Diary Of A Busker Day 23 Saturday January 8th Winchester High Street (opposite WH Smiths, Time: 1:35 – 5:05pm).
Three and a half hours with only two short breaks of no more than 5 minutes. No other buskers about – the high street’s mine, all mine! Even so , took no more than the usual £10 an hour. A funny thing, but no matter what day or time of day it is and no matter what amount of people are about, I never make more than this.
No one comes up to me for ages, then after my arrangement of The James Bond Theme, a voice from behind, “Very good, Mr. Bond.” It’s Frank the accordion player – or accordionist, I should really start to say – and the dog, Kazoo. A moment of excitement a few minutes later as Kazoos’ mother turns up.
Later on, something sinister occurs. A man approaches. He looks like Stephen Hawkings’ double but without the high-tech wheelchair.
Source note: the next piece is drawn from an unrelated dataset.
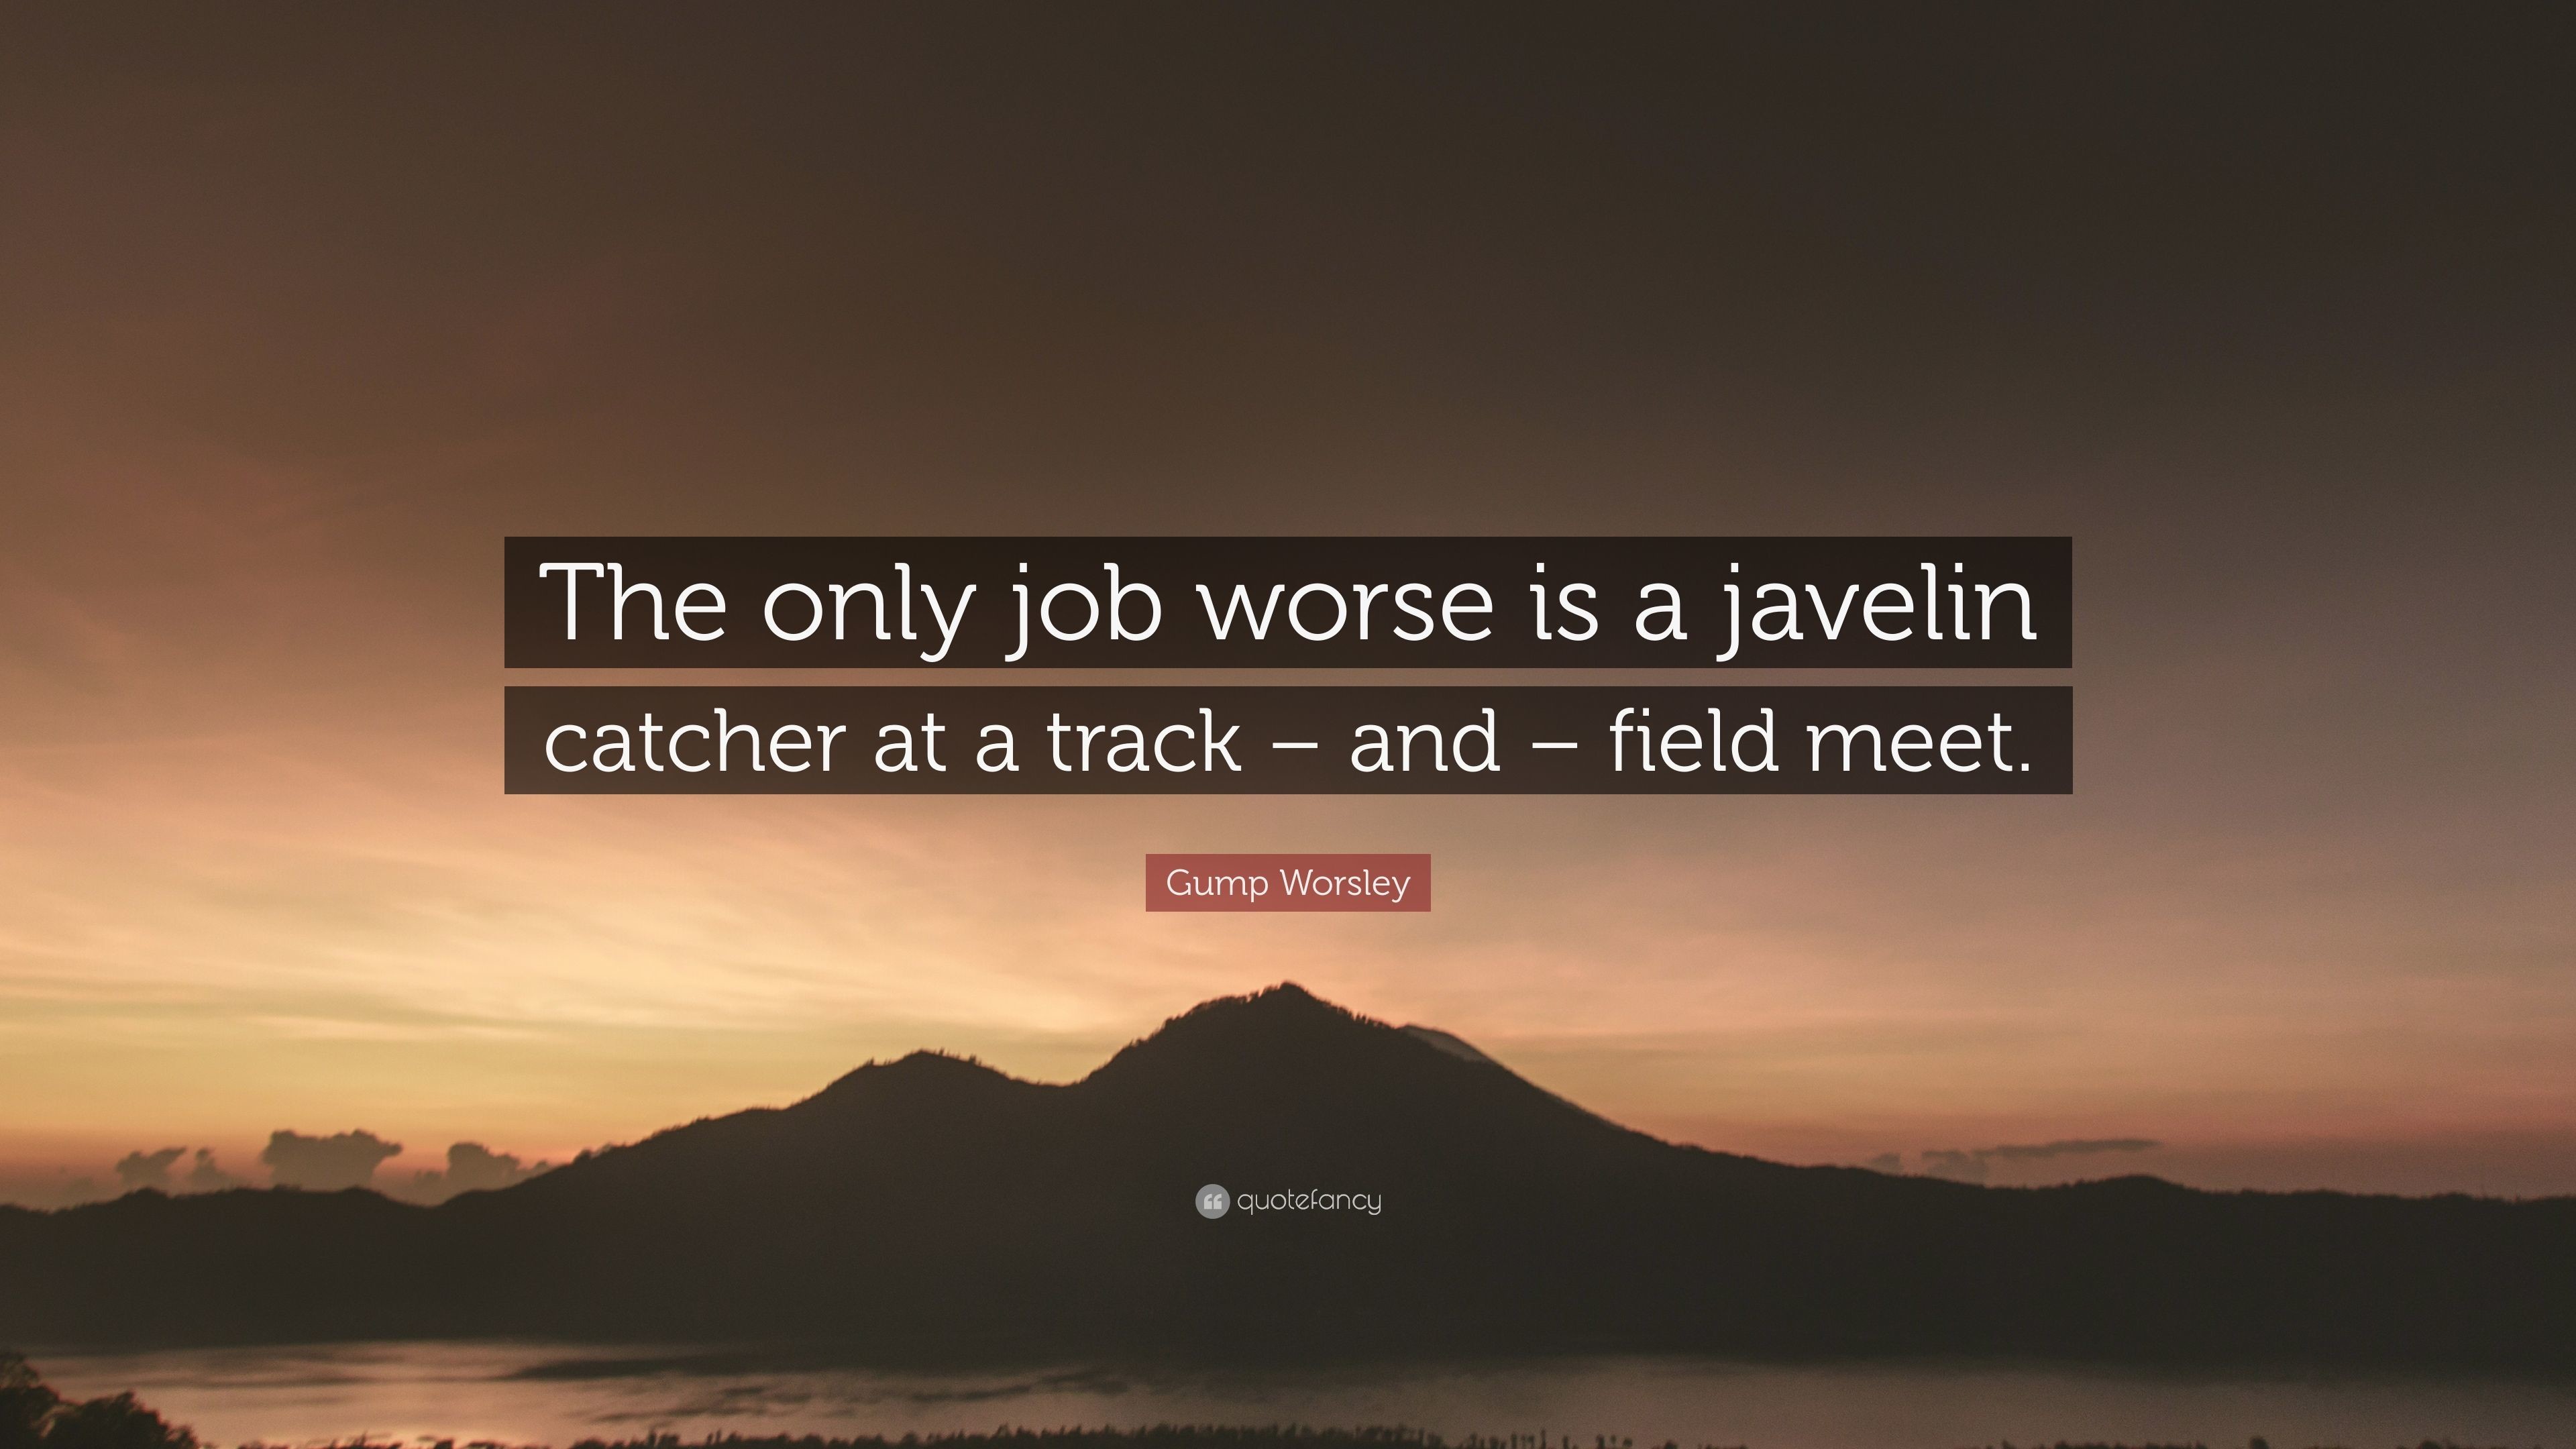 3840x2160 Gump Worsley Quote: “The only job worse is a javelin catcher at a track

He starts a conversation, I carry on playing… “People like pop music – you’d get more money if you played pop music.” I’m playing The Third Man – “This IS pop music – from 1949. Pop music, 1949 style” I say, in defence. He then says “I haven’t got much money – I’m on benefits, you see. I have a formula, you know – If I hear someone who’s playing leaves alot to be desired, I’ll give them 5p, or a bit more if they’re a bit better, maybe 10p. Then, if I think they’re incredible, I’ll give them…50p or even a pound. I’ve only got 7p, so I’ll give you that, but it should be twice as much.” So I’m worth 14p. Yes, I saw the 7p in his hand – a 5p coin and two pennies. He then put his hand right down, almost in my hat – a grey beret, now the Christmas hat’s been retired, but instead of raising an empty hand, I could see he had more coins in it than he had a second ago. His hand was heading towards his pocket. I said “Hey, you’ve got a fifty pence piece there!” He got defensive, “What are you saying? Are you saying I should give you more?” I thought, I’m not getting into this here. I’m wasting time not playing. I’m gonna ‘clock’ this guy and look out for him in the future.